→ The problem: What you return must be exactly the lines from the beginning of the material through the line containing "research articles on basic life support", both included, and no pictures.

[Data segment Boundary: Start]

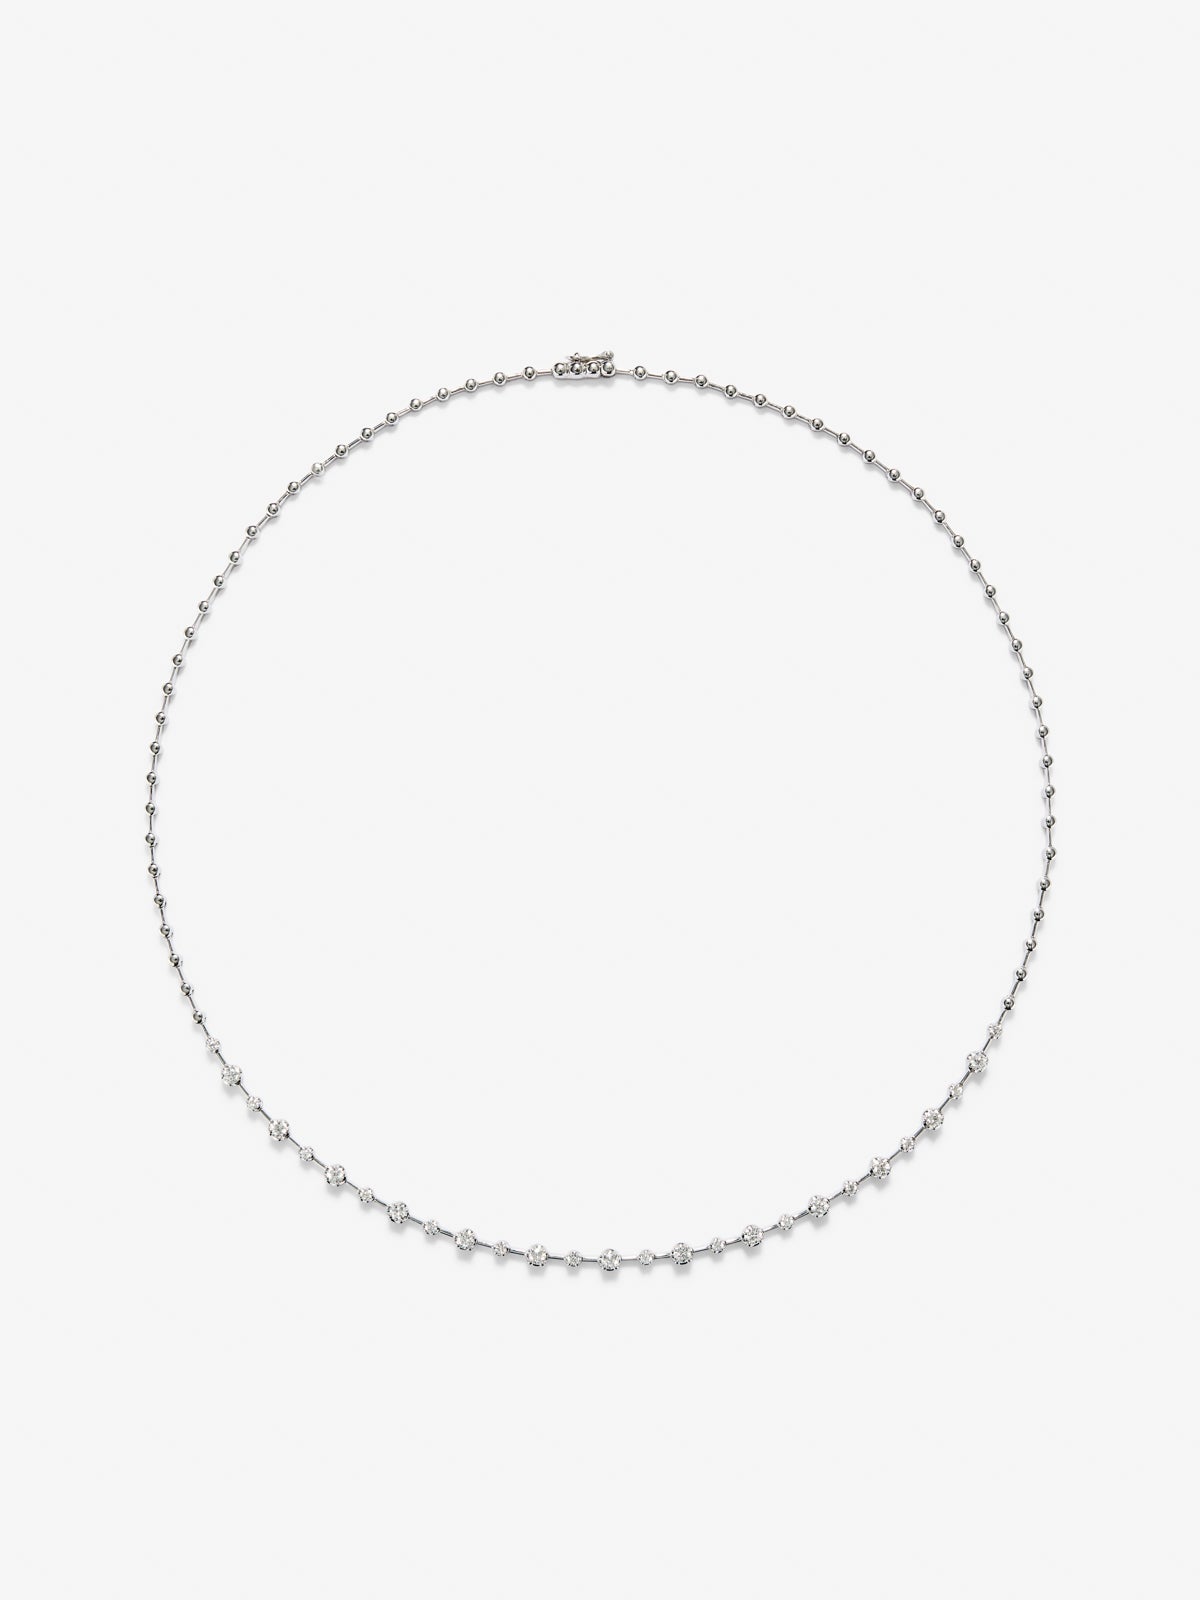 18K white gold necklace with 27 brilliant-cut white diamonds with a total of 0.95 cts
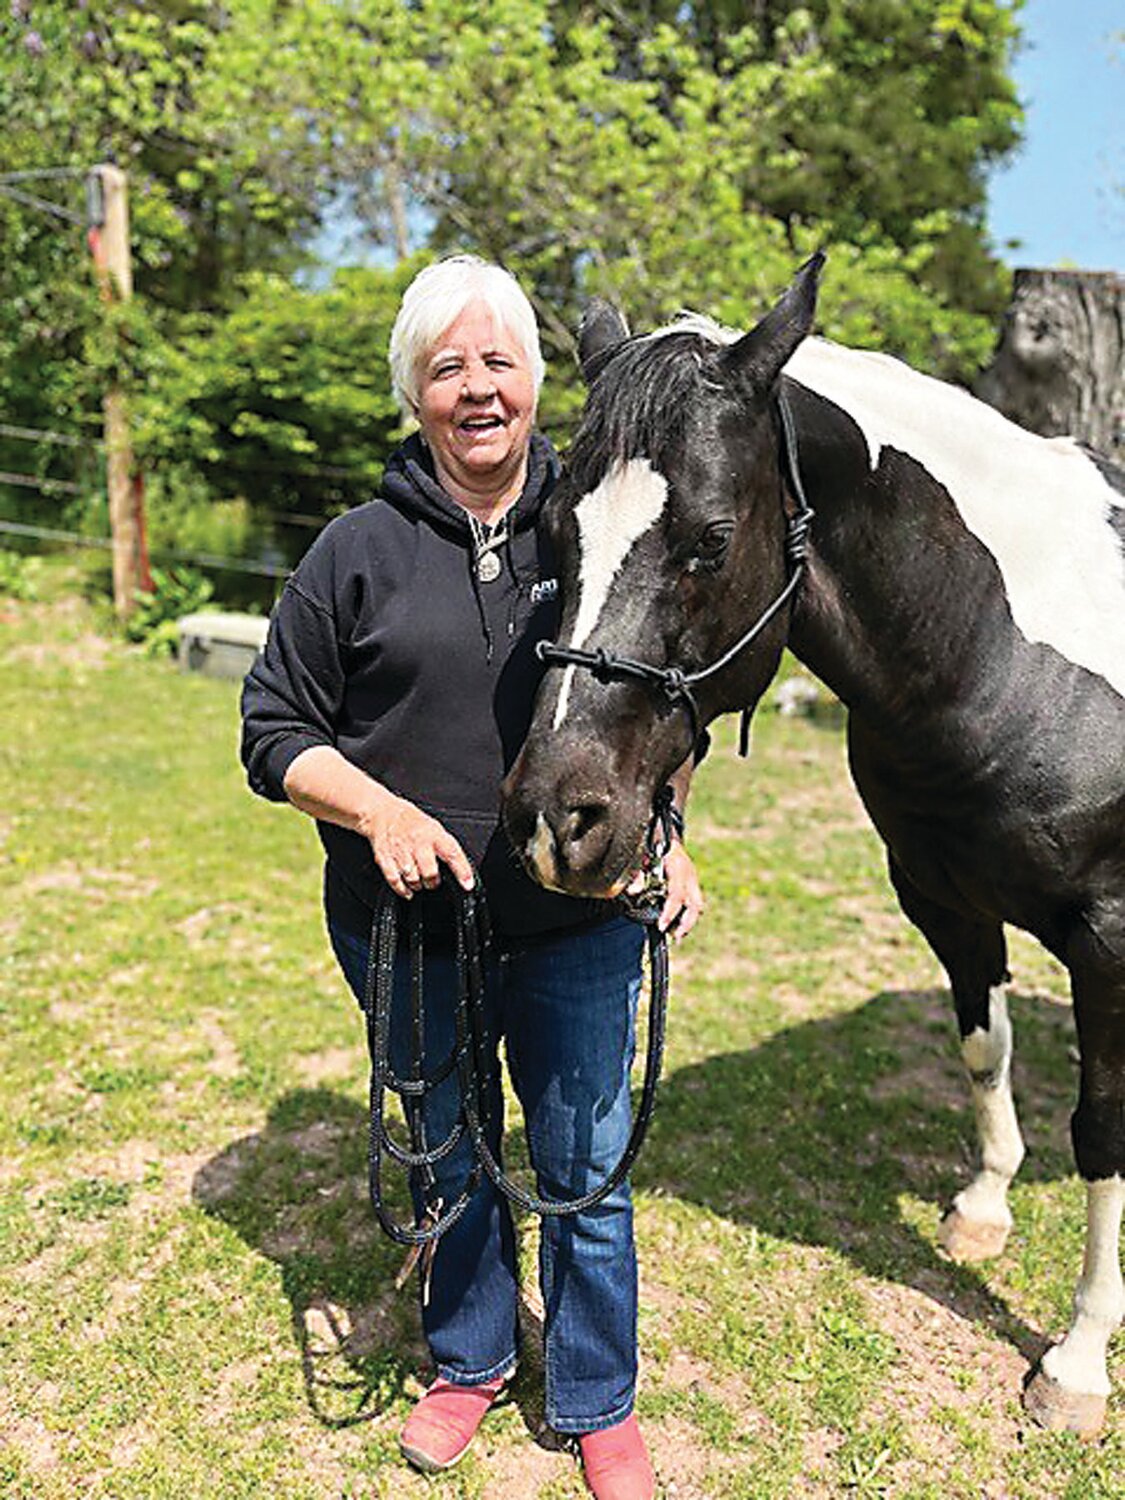 Linda Jenny, of Kintnersville, survived cancer and the death of her 30-year-old son, thanks, in part, to her horse, Roxy.
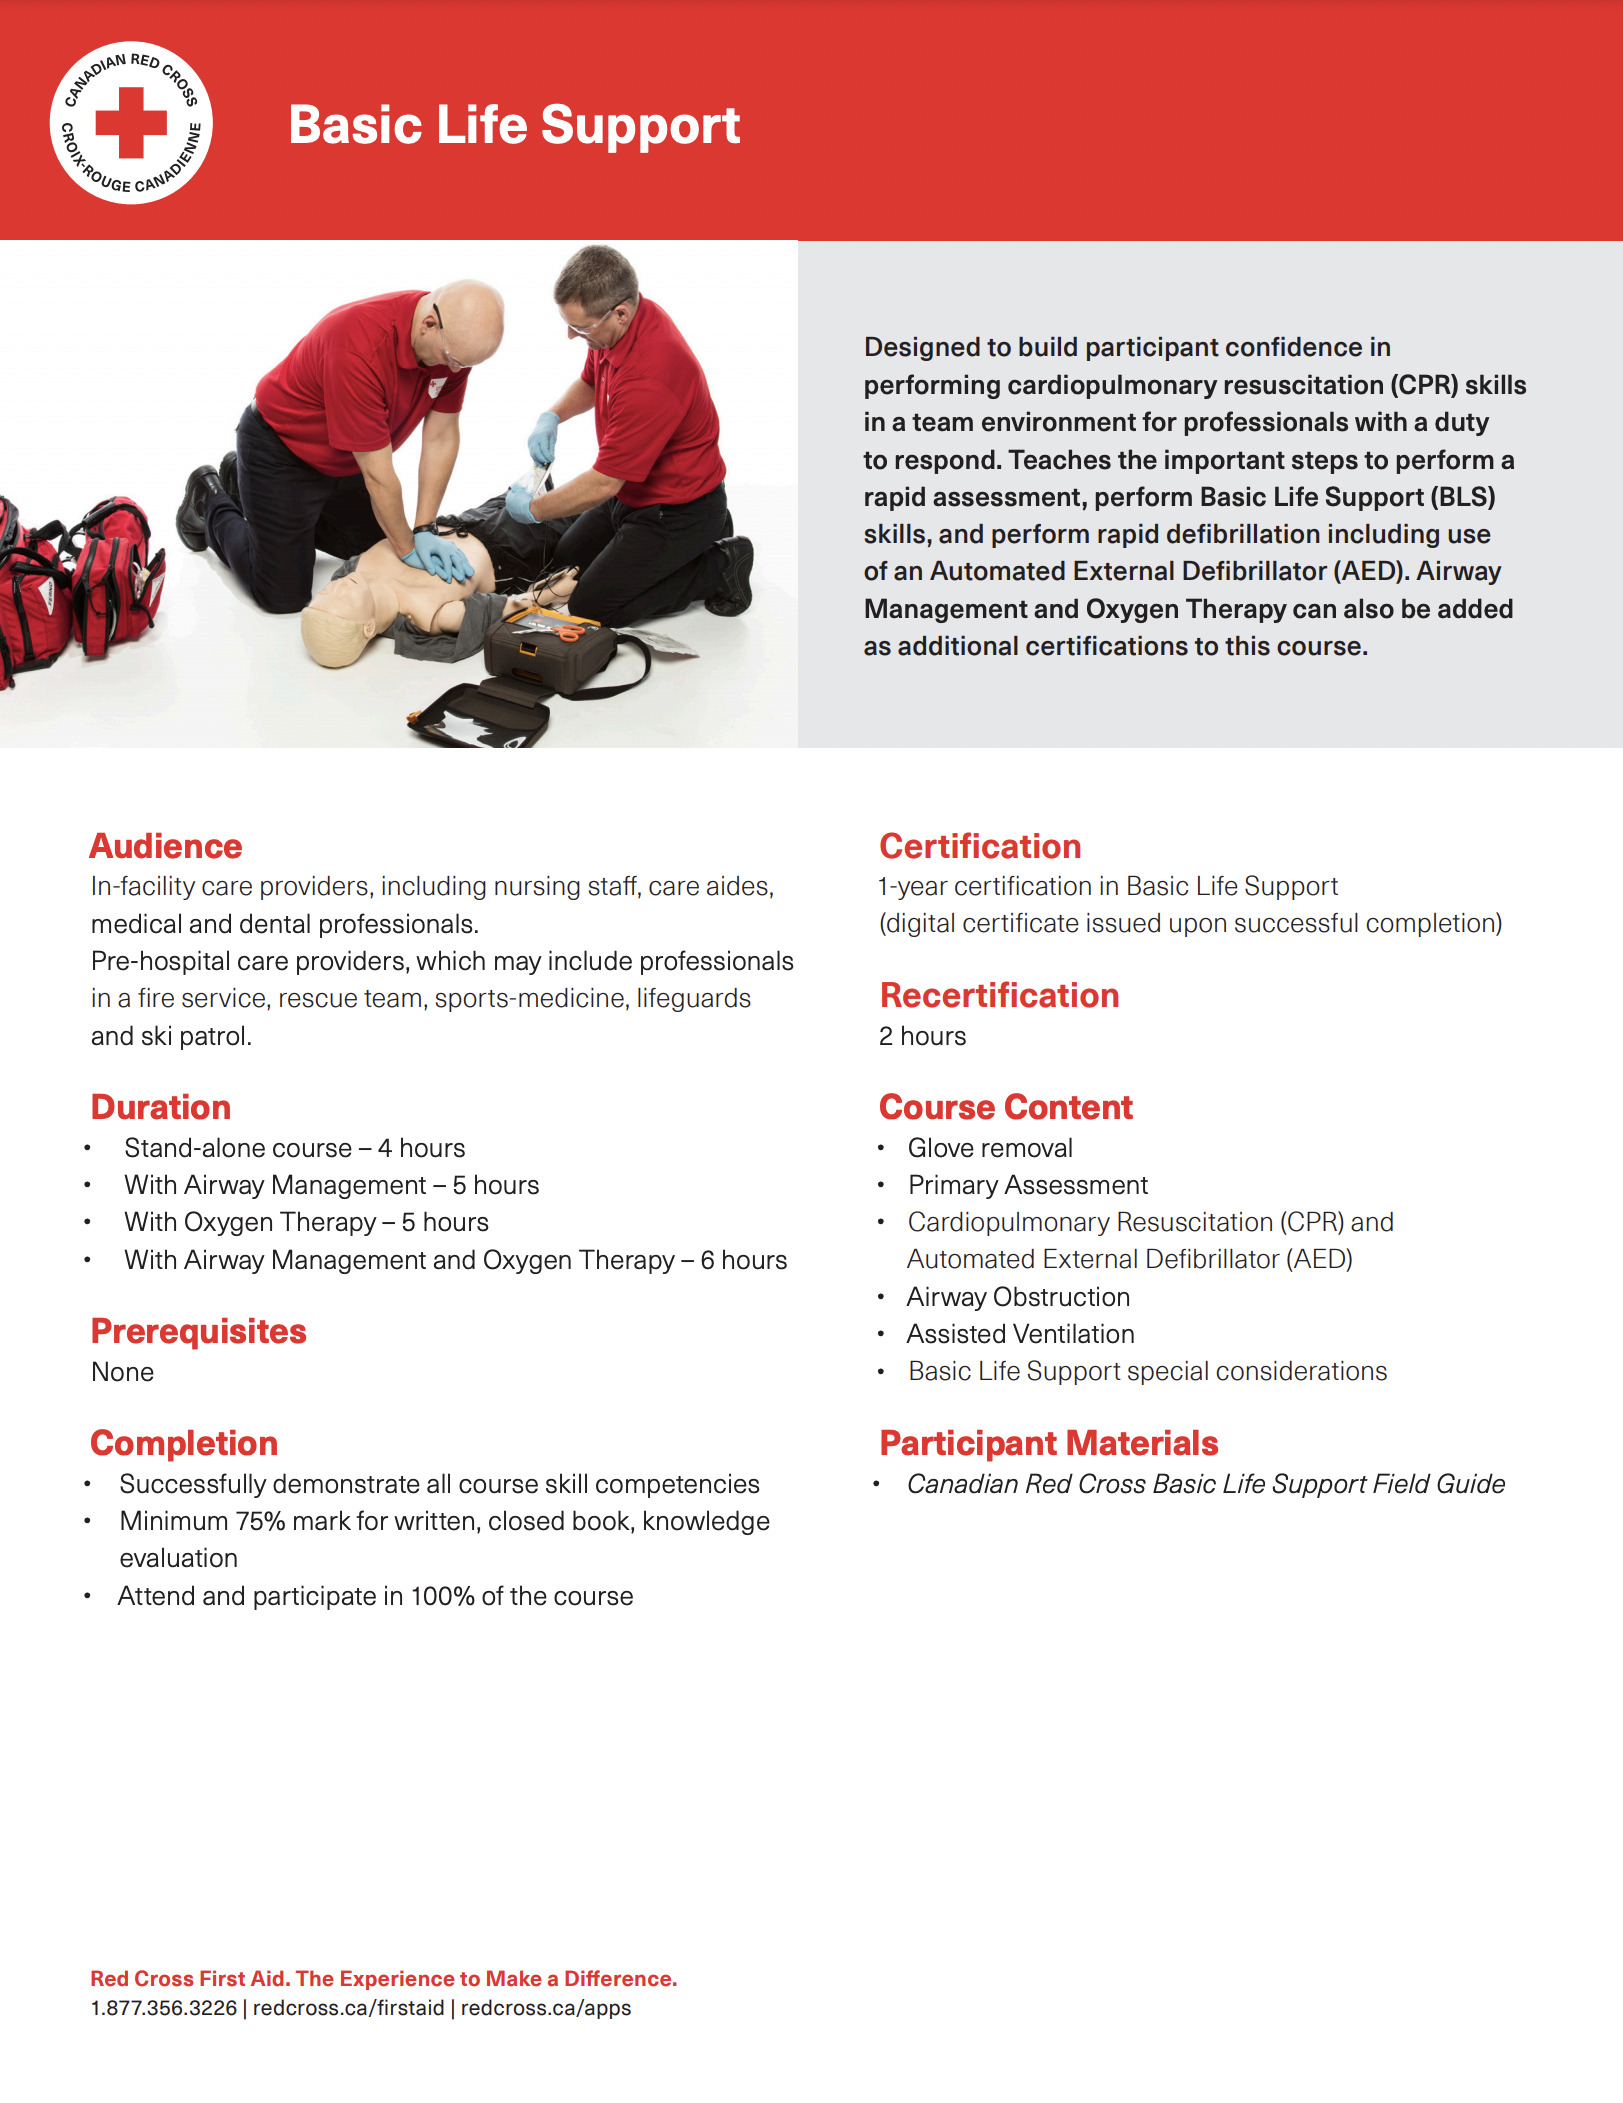 research articles on basic life support
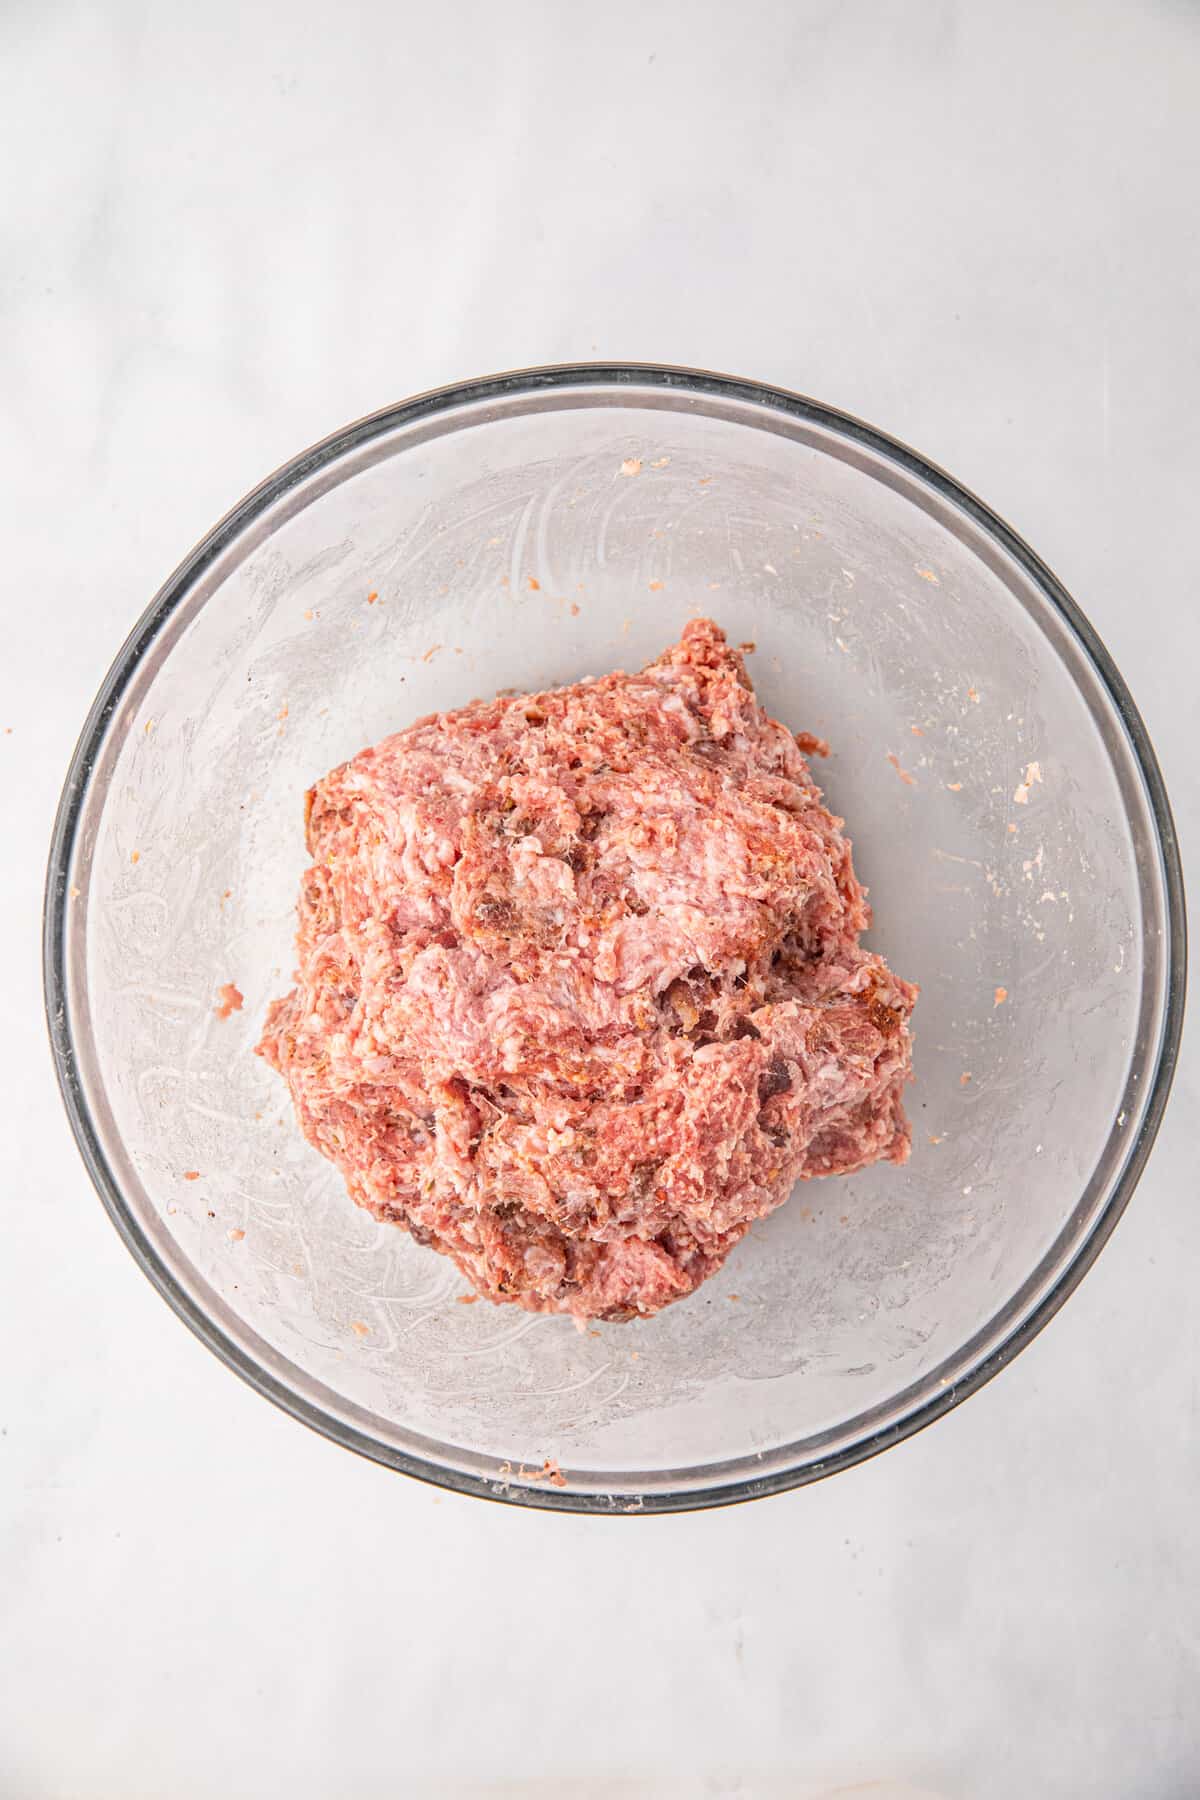 Ground pork and pork sausage in mixing bowl for Bacon Explosion recipe

[Data segment Boundary: End]

→ Solution to the exercise:
 18K white gold necklace with 27 brilliant-cut white diamonds with a total of 0.95 cts
 Linda Jenny, of Kintnersville, survived cancer and the death of her 30-year-old son, thanks, in part, to her horse, Roxy.
 research articles on basic life support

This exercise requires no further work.